One important question researcher have is: How can we repair myelin? Treatments under the microscope include:
- An antihistamine (a type of drug often used for allergies) called clemastine fumarate (Tavist). It was found to improve nerve signals in people with damage to their optic nerves. This suggests that some myelin was rebuilt.
- Metformin, a common diabetes drug. In one study in rats, it repaired stem cells that build myelin. The drug mimics the effects of intermittent fasting (eating every other day), which also helped repair myelin in the same rat study.
Stem cell transplants are another area of research. The National Institutes of Health is paying for a multi-city study to see if they work better than drug treatments for people with severe relapsing MS. Previous studies show they can work.

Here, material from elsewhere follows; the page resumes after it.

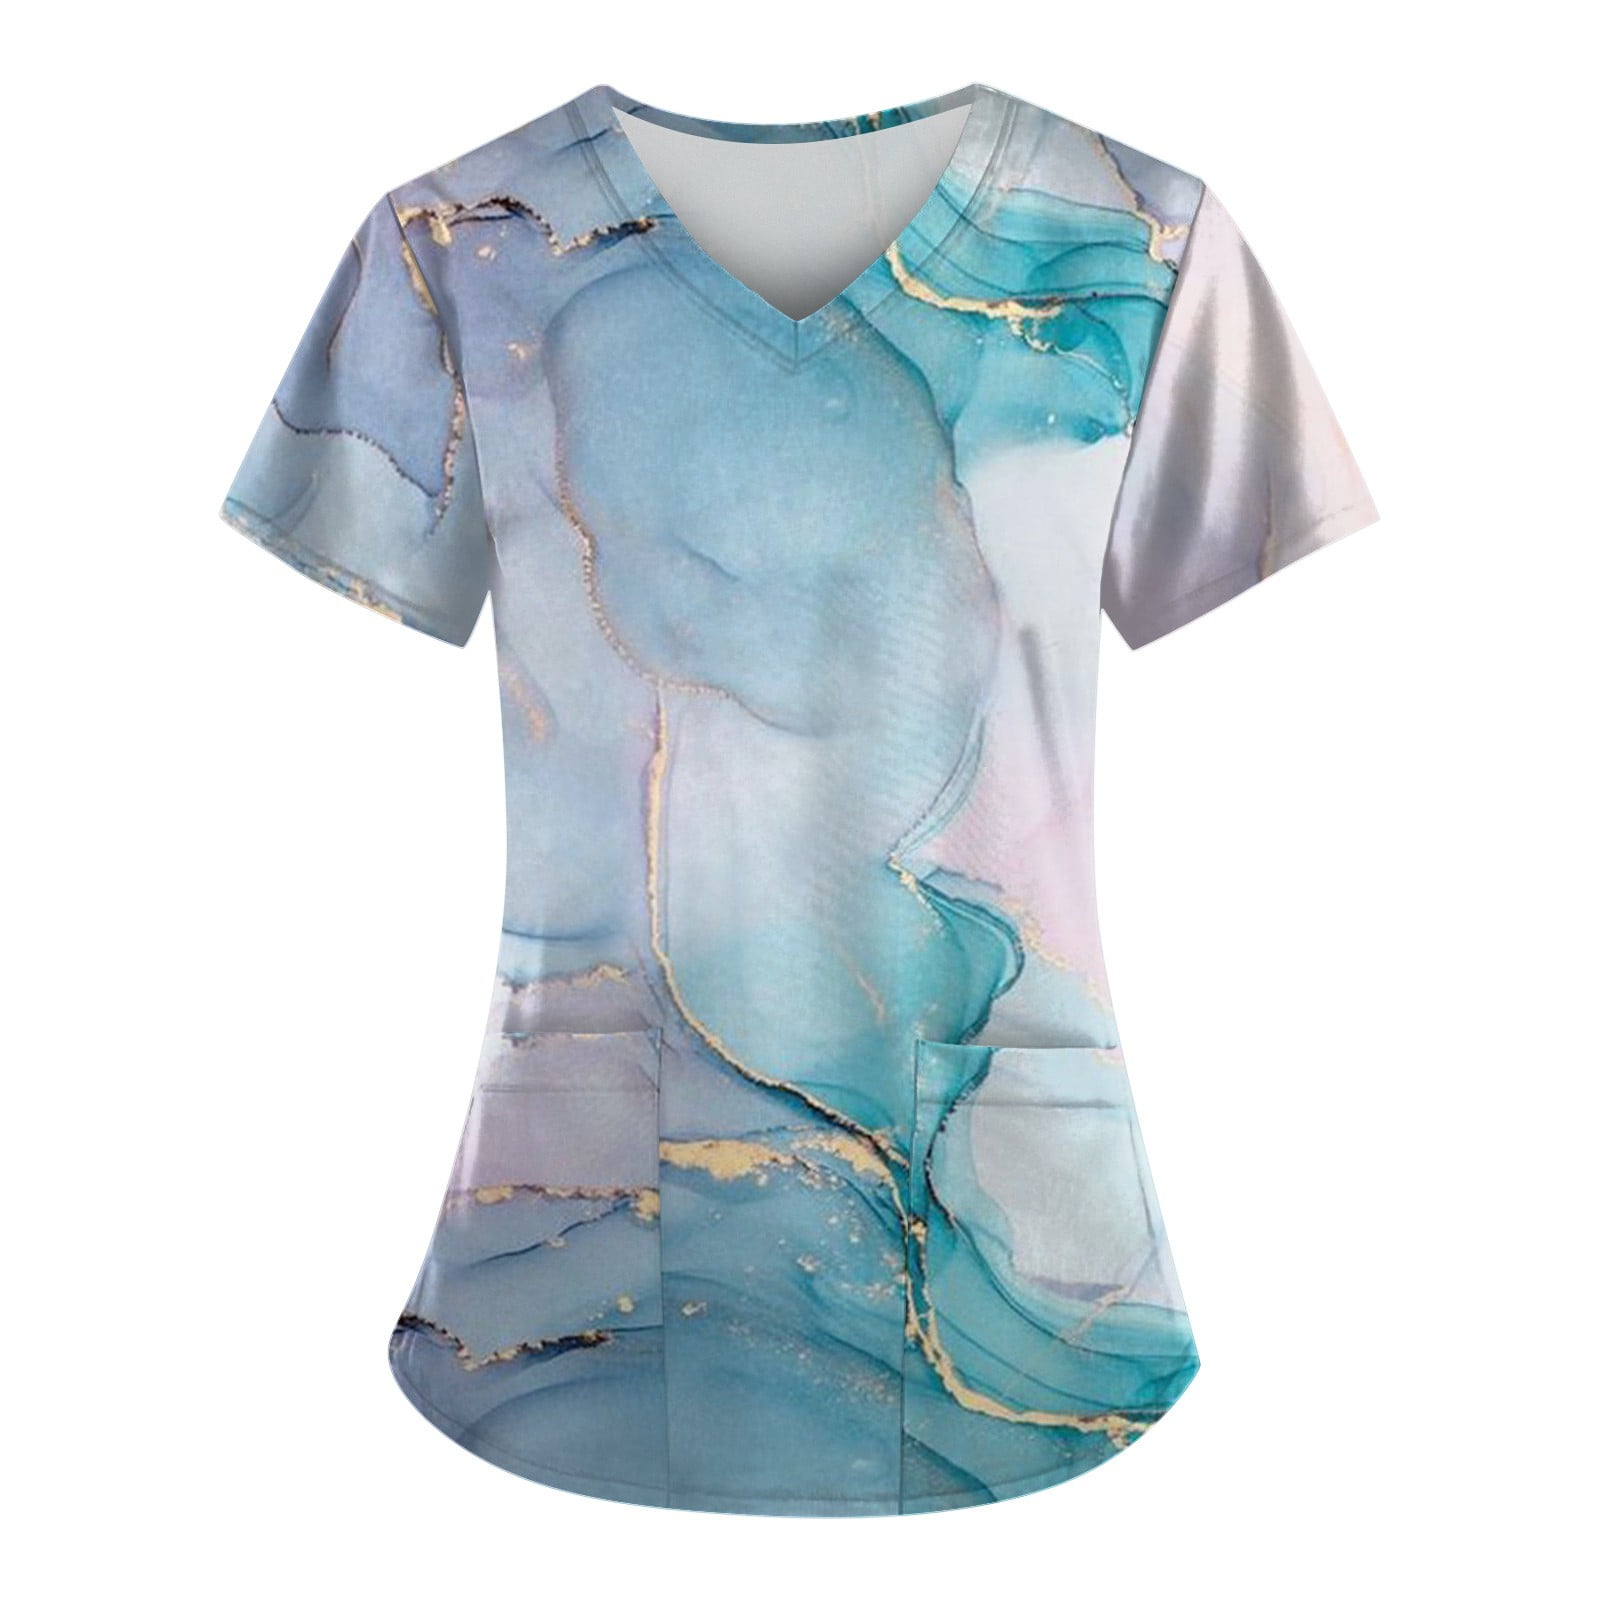 Kddylitq Printed Scrub Tops Women Short Sleeve Marble Print with ...

Here’s how it’s being tested: Half the people get the best available drugs that could improve their MS. The other half get what’s called an autologous hematopoietic stem cell transplant. The stem cells are taken from your own bone marrow and frozen. Next, doctors give you chemotherapy to kill the immune cells that cause MS. Finally, the bone marrow stem cells are infused back into you.
The hope is that the transplanted stem cells flood your immune system, reset it, and stop the attack on your myelin. It could keep the disease from getting worse, mean you don’t need lifelong MS medications, and possibly bring back some physical abilities.
Stem cell transplants are risky. So it’s important to find out if the benefits outweigh the risks, when compared with medicines that also can have side effects.